Dune: Spice Wars – More information about the new Grand Strategy Game based on Frank Herbert’s famous universe

The breakneck competition, politics, and warfare in Frank Herbert’s Dune novels are a perfect fit for strategy games, and Northgard developers Shiro Games are looking to capitalize on this with their upcoming RTS / 4X, Dune: Spice Wars. Spice Wars will hit Early Access next year and use cunning, military might and careful resource management to get us to control Arrakis as a number of different factions that represent the Big Houses and other important groups in the area.

The action takes place on a circular map depicting the North Pole of Arrakis and we have the option to roll up a random version or use an “official” configuration that is very faithful to the description in the books. Although the whole planet is of course a large desert, the developers went out of their way to make sure that not everything feels like one large, homogeneous sandbox. They even consulted a geologist to try and find enough visually and mechanically distinct types of dry terrain to keep things interesting.
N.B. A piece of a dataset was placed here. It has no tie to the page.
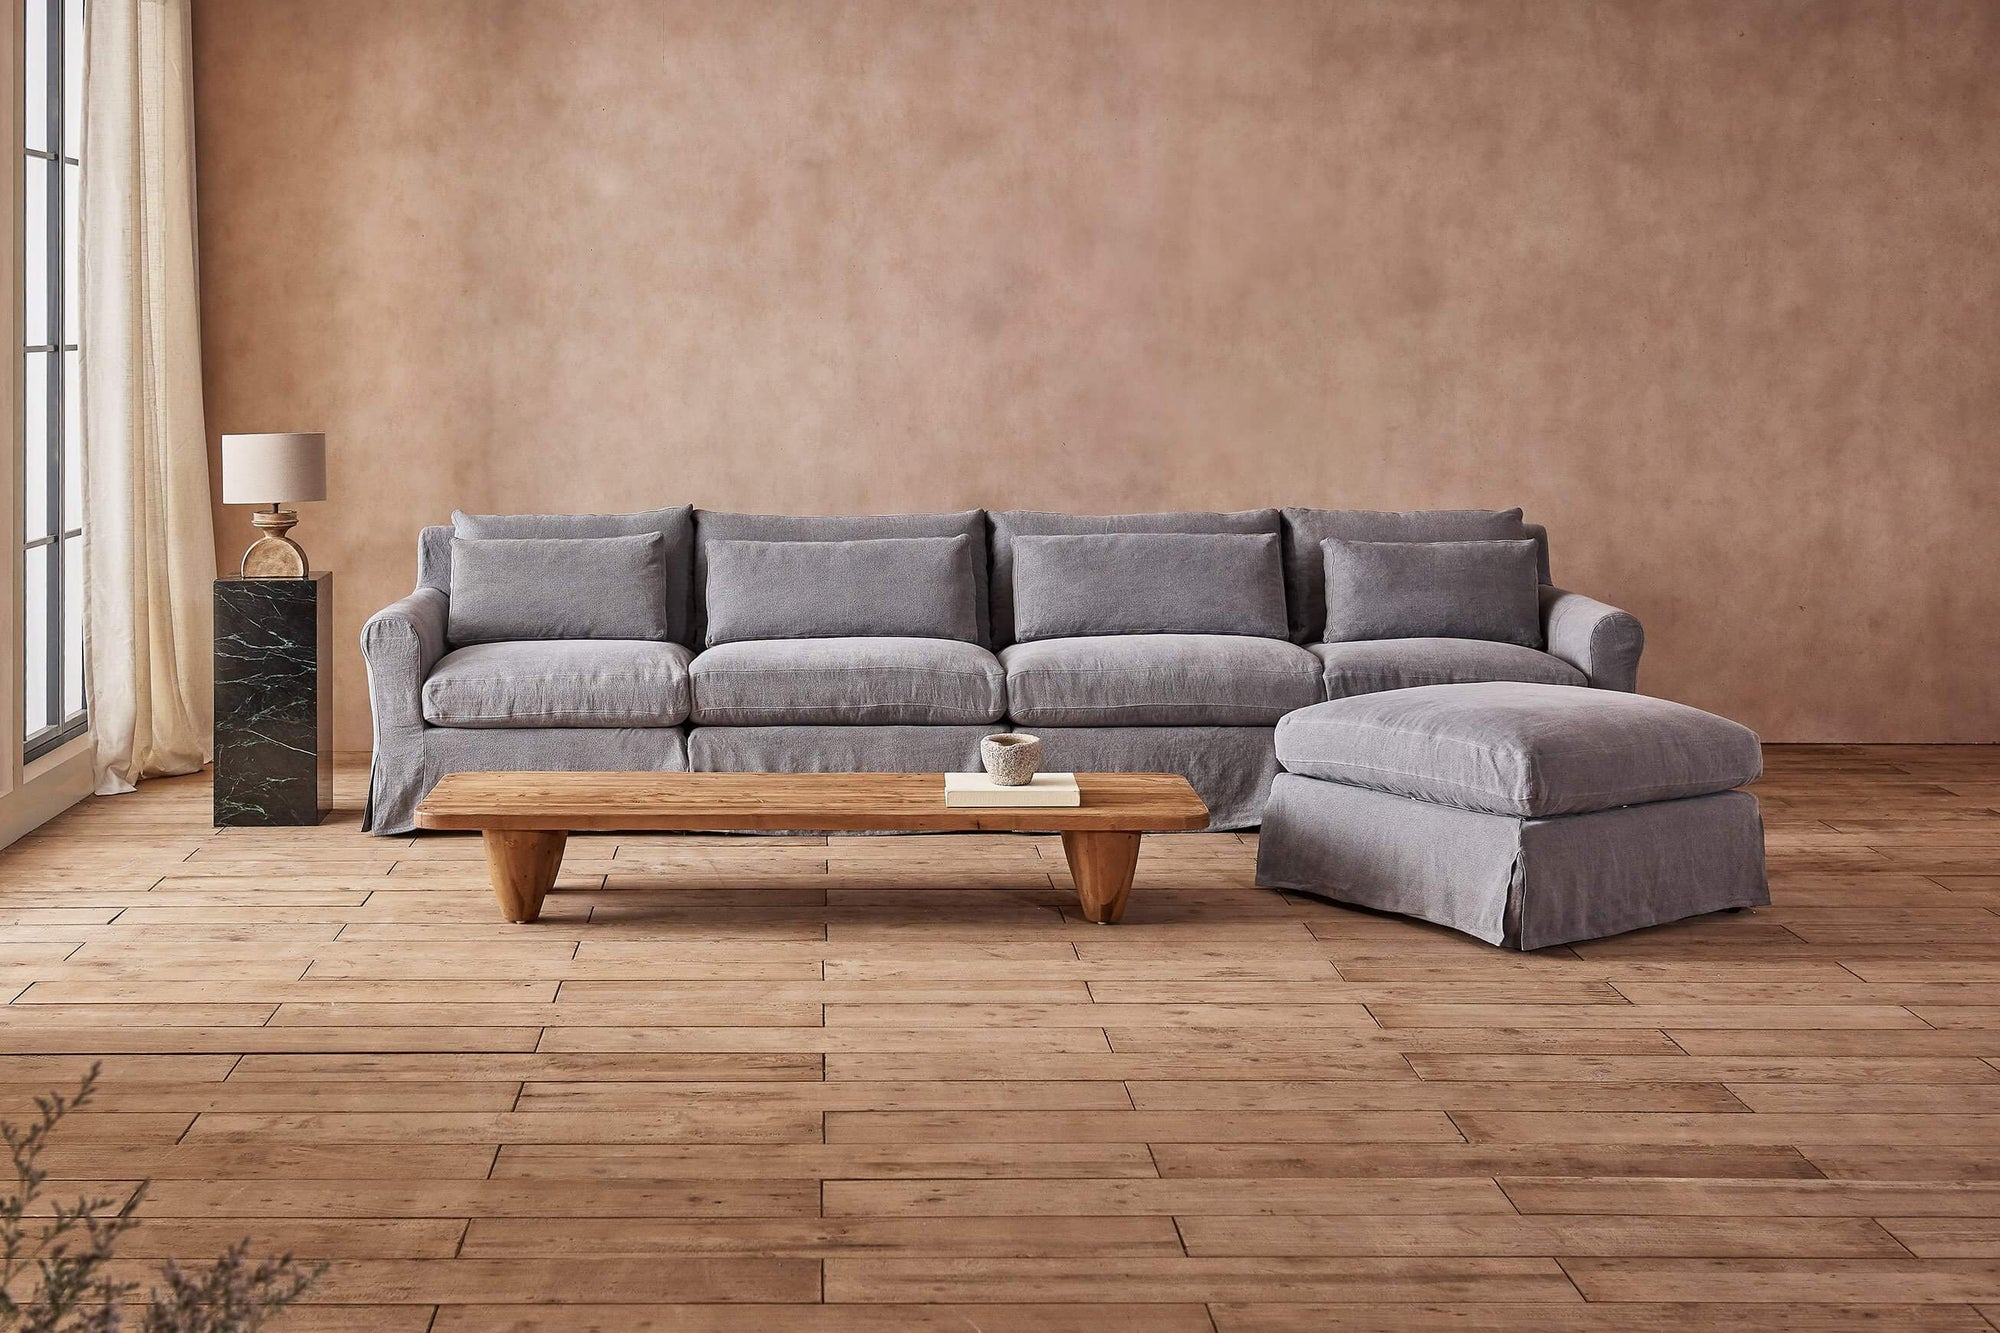 Elias 5-piece Chaise Sectional Sofa in Ink Cap, a medium cool grey Light Weight Linen, placed in a room with the Theo Coffee Table

Dune: Spice Wars – Official concept art and screenshots

Rocky areas are valuable as they offer some safety from the worms. Deep Deserts are the opposite: they act almost like seas in a Civilization game, and just venturing into them is suicidally dangerous until you unlock later techs. All military units are limited by supplies that can be depleted very quickly in unyielding environments. And of course, the worms are a ubiquitous threat as all of your units create vibrations that attract them. If one shows up, your only option is usually to evacuate the area until it disappears.

Open house

The ruler of Dune can be achieved in three ways: you can completely crush all your rivals, be made governor through political maneuvers, or achieve a point-based hegemony victory that can vary from faction to faction. The two factions revealed so far are House Atreides and House Harkonnen. True to its lore, the former has more options for diplomacy and indirect control, while the latter focuses on brutal military supremacy.

The choice of house isn’t the end of the story either, as you also choose a small number of consulates for each new campaign. These sub-leaders come from the characters in your faction and can further customize your play style. For example, Lady Jessica is a skilled politician, while Duncan Idaho takes advantage of her military.

Spices will of course be the main resource and the main way of getting money. The price will fluctuate over time and you always have to decide how much to sell and how much to store to take advantage of it. At launch there won’t be a full supply and demand system so you can’t flood the market to suddenly drop the price or hoard your stocks to keep them high, but developers are interested in getting this type of system take a closer look at the first early access version later. Also, you always owe the Emperor a small spice tax, which has dire consequences if you don’t pay it.


The Emperor is not the only political power in the galaxy, however, and interaction with the Landsraad, a ruling council of powerful houses, will also bring its own challenges and opportunities. This is your main link to the bigger game beyond Arrakis, where you can vote on resolutions to help yourself and / or hinder your enemies. If you play your cards right you can make a profit by being named governor of Arrakis. And not all maneuvers are done outdoors.

Espionage will also be an important system, although you can choose to specialize in it a lot or barely touch it. The ideal Shiro sees for these shadow games is to reward players who can correctly predict what their enemies will do. For example, your agents could launch an operation to seriously obstruct an oncoming enemy army if you know the route of attack they want to pursue. You should feel smart reading the board and letting the enemy play into your hands like a chess master, rather than just being rewarded for the haphazard use of spies.

Meanwhile, we’ll come across side stories that can be anything from a one-off event involving the recovery of a fallen ornithopter to a multi-stage event embroiled in a political deception. The developers strive for a balance between the natural storytelling that comes from the AI ​​Baron Harkonnen you play against, well … who acts like Baron Harkonnen, and more handcrafted mini-stories like this one. They cited Stellaris as a point of comparison, although each campaign should only last a few hours as opposed to dozen.

We’ll be able to pack our bags and head to Arrakis when Dune: Spice Wars hits Early Access sometime in 2022.